• Available data
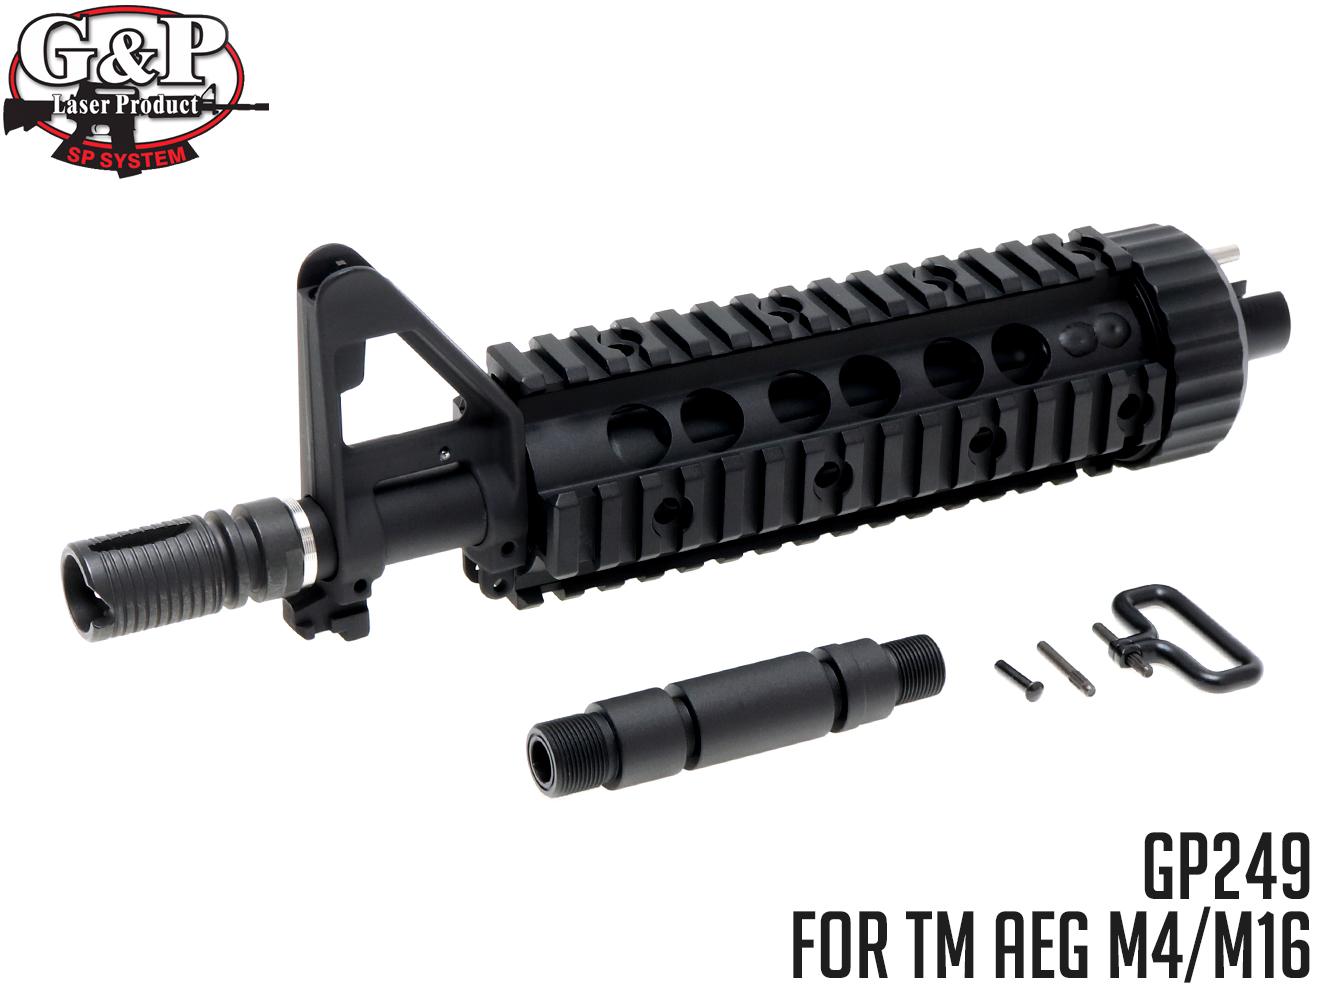 【人気のショートバレル仕様】G&P GP249 CQB/R キット for M4A1 / M16A2/BK(黒・ブラック)★東京マルイM4/M16シリーズ 検)電動ガンマルイVFCKSC
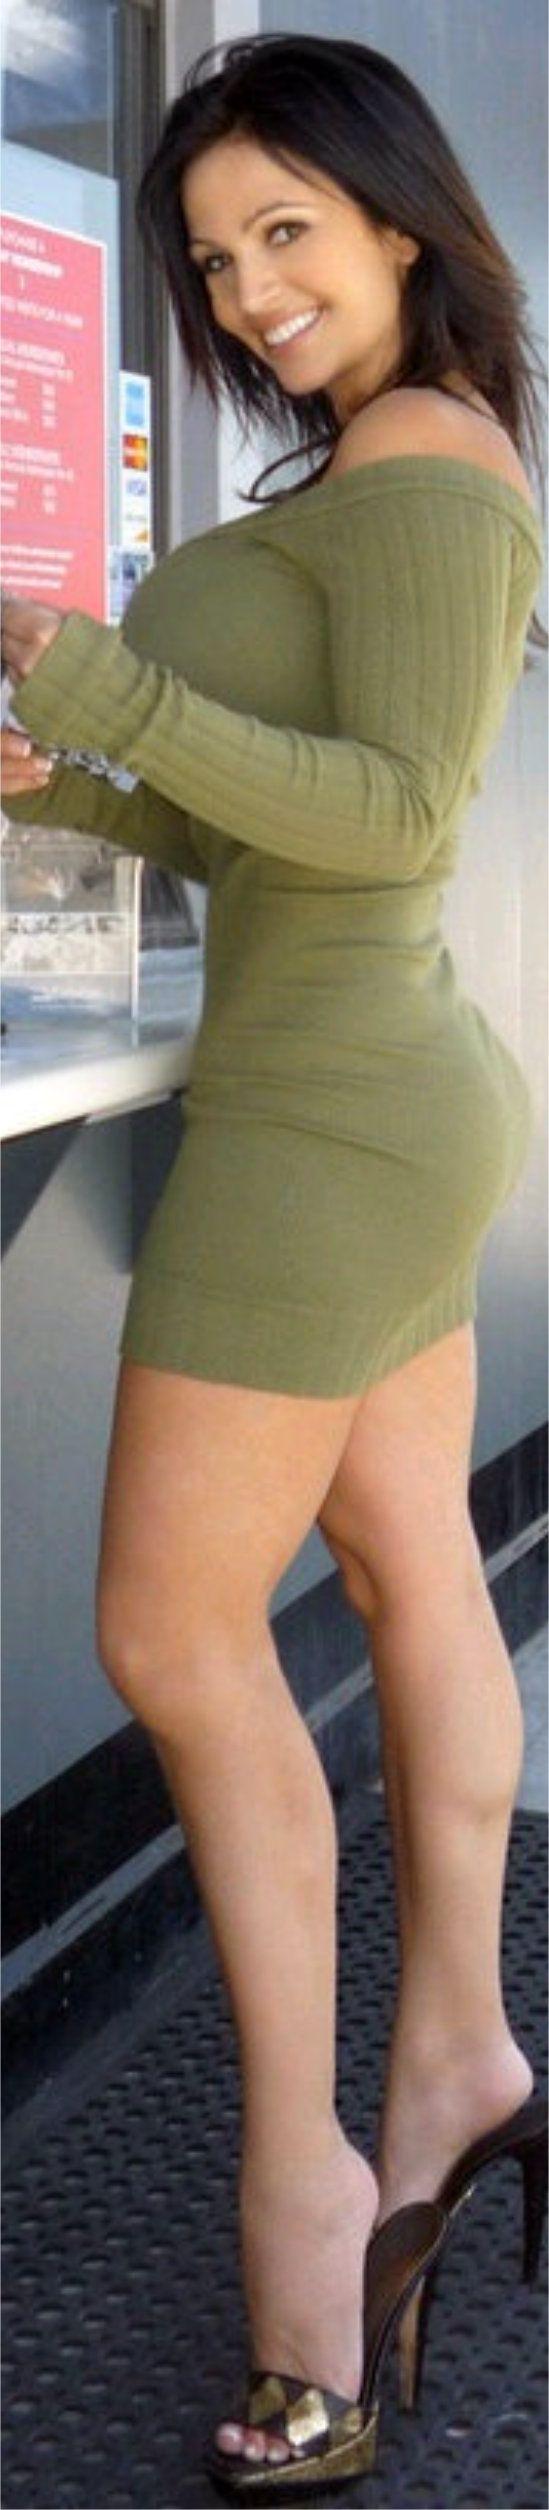 Pinterest hot girls tight dress
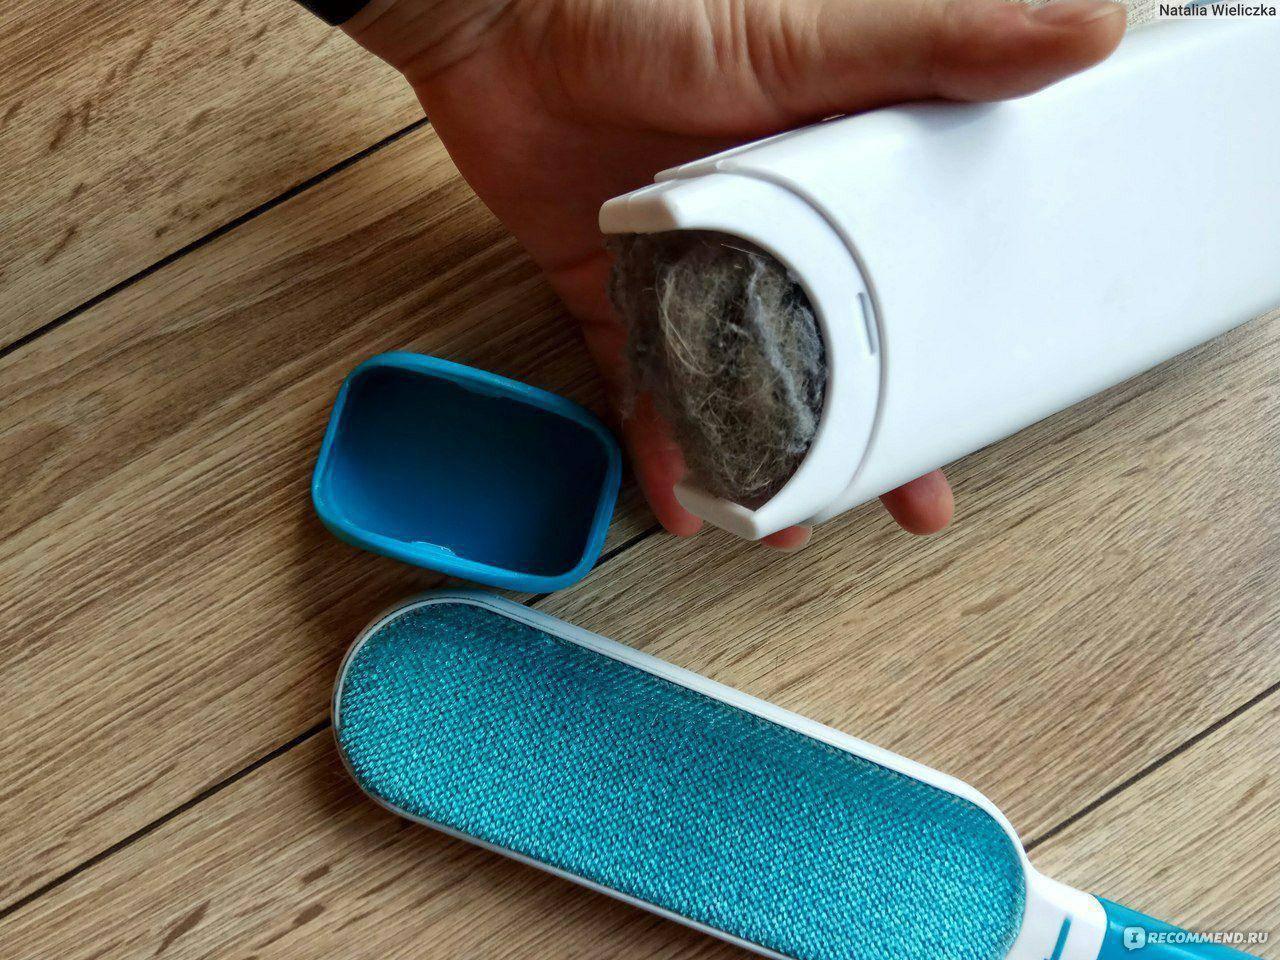 Как избавиться от шерсти кошек и собак в квартире | дома, как убрать

• What to work on
Would you transcribe, exactly and only, the lines from the one that contains "Pinterest hot girls tight dress" through the last line of the data above, without any pictures?

• Response box
 Pinterest hot girls tight dress
 Как избавиться от шерсти кошек и собак в квартире | дома, как убрать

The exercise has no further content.